Внимательно осмотрев мотоцикл, Макс аккуратно укрыл его и вернулся к шкафу с одноколёсной капсулой. Поднеся браслет к датчику возле ручек управления, он быстро скомандовал: «Запуск». Капсула ожила, и приятный женский голос ответил: «Богданов Максим, личность подтверждена».

– Я тоже рад тебя видеть, – улыбнулся Макс. Он собрался усесться на сиденье, но остановился. Сунув руку в карман, вытащил серебристую пластину. Посмотрев на полку над металлическим шкафом, потянулся к ней, но, заметив широкую нишу в стене, образовавшуюся при стыковке бетонных перемычек, затолкал пластину в неё.

Закинув рюкзак в багажный отсек, любезно выдвинутый капсулой после прикосновения браслета к значку в виде кейса, Макс устроился на сиденье и, взявшись за ручки управления, скомандовал: «Ручной режим». Дама, сидевшая внутри приборной панели, отреагировала: «Подтверждаю».

– Сейчас я тебе прочищу трубы, – улыбнулся Макс, устраиваясь удобнее. – Поехали! – он выскочил в дверной проём с такой скоростью, что байк подпрыгнул в воздухе, и Макс едва удержал его в повороте.

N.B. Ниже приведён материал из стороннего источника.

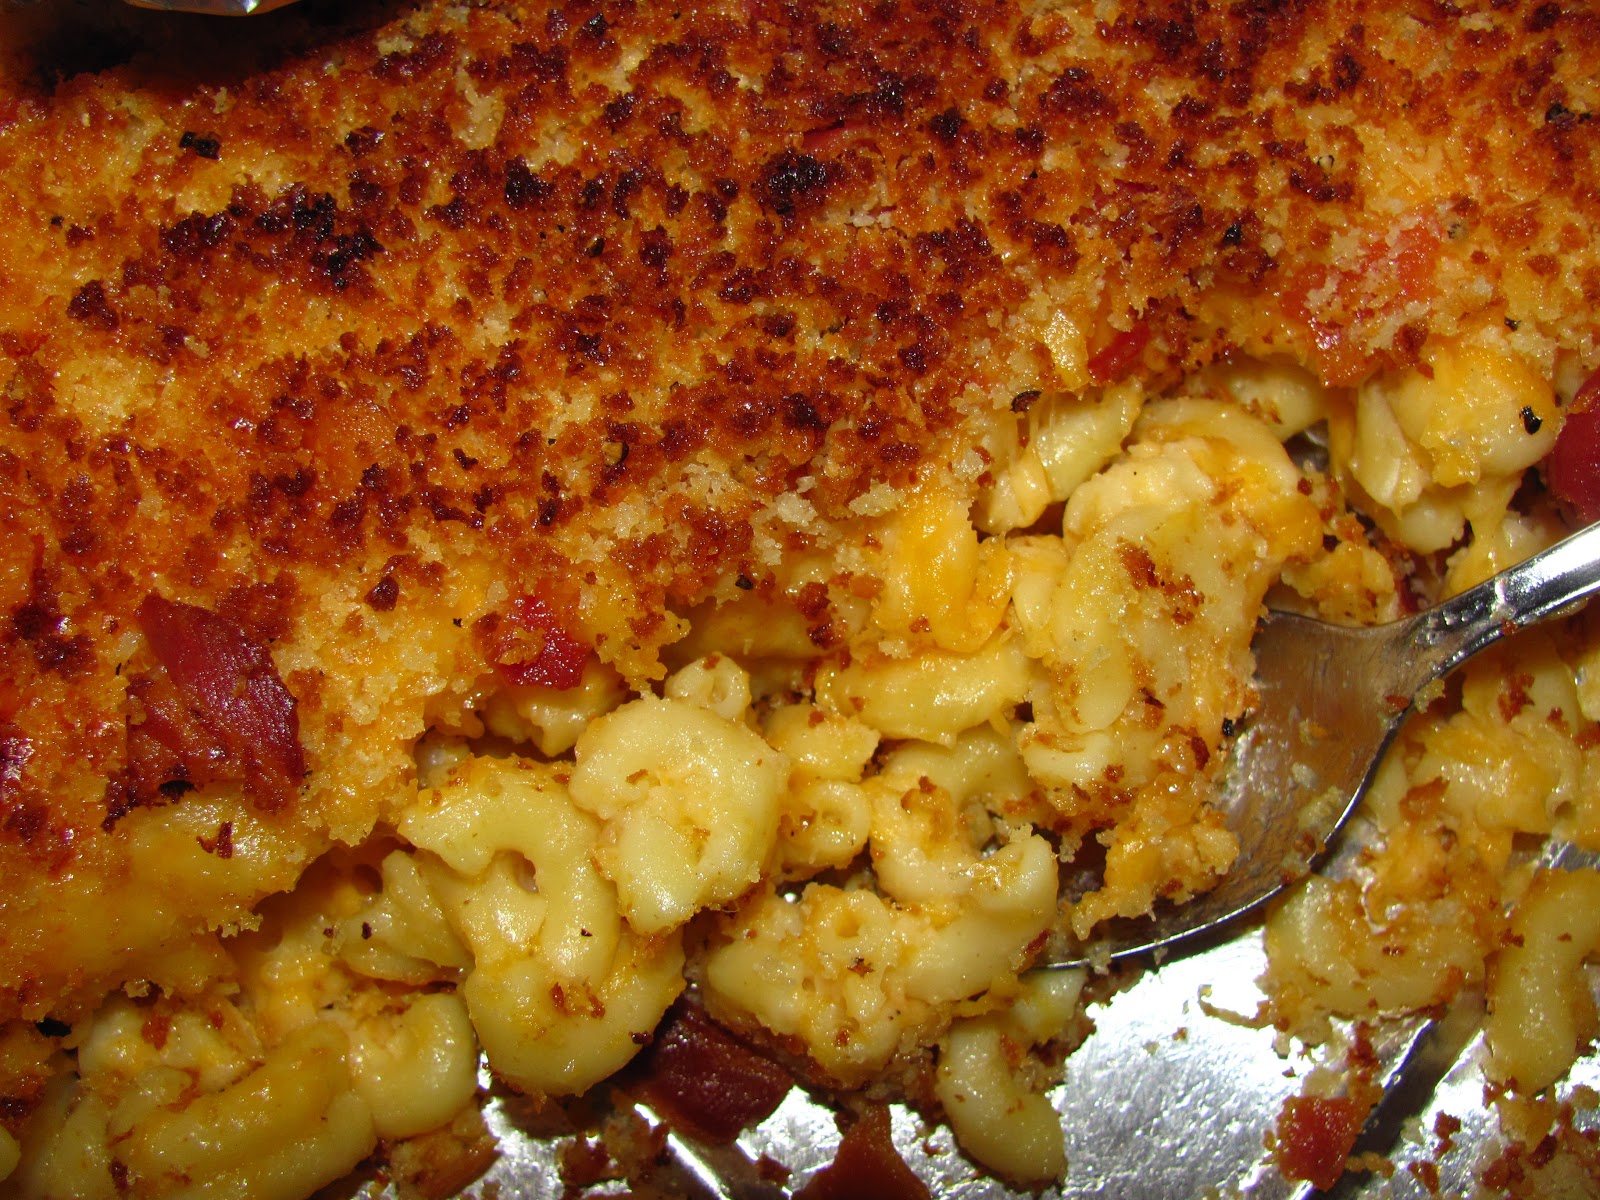 For the Love of Food: Crunchy Bacon Macaroni and Cheese

Москва встречала холодом и неприветливой моросью. Макс не выдвигал защиту от ветра, пытаясь получить удовольствие от долгожданной поездки. Он был хорошим солдатом, знал правила и не нарушал их. Он знал – любое передвижение бойца корпуса R, зафиксированное вне утверждённого статуса, будет расцениваться как дезертирство, поэтому фраза «продолжай лечение» была приговором в последние месяцы реабилитации.

Продвигаясь к центру, Макс снизил скорость, съезжая с верхних развязок на нижние уровни. Проехав пару километров, он остановился на оживлённом перекрёстке, перекрытом дорожными службами. Наклонив голову, Макс попытался понять, в чём дело, но дорожники в считаные мгновенья выставили металлические щиты с надписью «ОП», закрыв обзор перекрёстка.

– Надолго? – обратился он к полицейскому, защищавшему щиты.

– Пятнадцать минут.

– Что случилось?

– Ожидайте на месте! Соблюдайте положение! – офицер посмотрел на него угрожающе, положив руку на металлизированную кобуру.

Макс знал: аббревиатура ОП, означавшая «особое положение», не предвещала ничего хорошего для того, кто приблизится к щитам более чем на десять метров. В лучшем случае тело смогут опознать. Но если кордон применит третий уровень защиты, то от приблизившегося останутся головешки, пригодные разве что для удобрения грядок с цветами.

Выключив зажигание и поставив байк на подножки, Макс откинулся на сиденье, закинув руки за голову. Он думал о Марике, о возвращении на службу, о предстоящих тестах, о командире подразделения, пославшем всё к чертям собачьим и уволившемся после событий в Африке. И да, чёрт побери, он думал о Вере. Как не хотел пускать в голову мысли о ней, они снова и снова прорастали сквозь плиты внутренних установок.

– Макс! – прозвучал весёлый и до боли знакомый голос.

Из всех голосов в мире Макс меньше всего ожидал и хотел слышать сейчас его.

Повернув голову, Макс увидел «Роллс-Ройс», сияющий ослепительным чёрным лаком. Автомобиль в одно мгновение приковал взгляды окружающих. Даже офицеры кордона, на секунду потеряв бдительность, уставились на короля бензиновых авто столицы.

– Привет, Роберт! – Макс повернулся к улыбающейся физиономии, выглядывающей из пассажирского окна.

– Ты счастливчик. Я думал, не выкарабкаешься, – Роберт на полкорпуса вылез в окно.

– Современная медицина творит чудеса.

– Ты действительно был мёртв? Слышал, тебя три часа держали в рециркуляционной камере, пока везли до базы.

– Было дело.

– А шрам на груди убрали?

Макс почувствовал жжение в правой грудной мышце и непроизвольно прислонил руку к груди.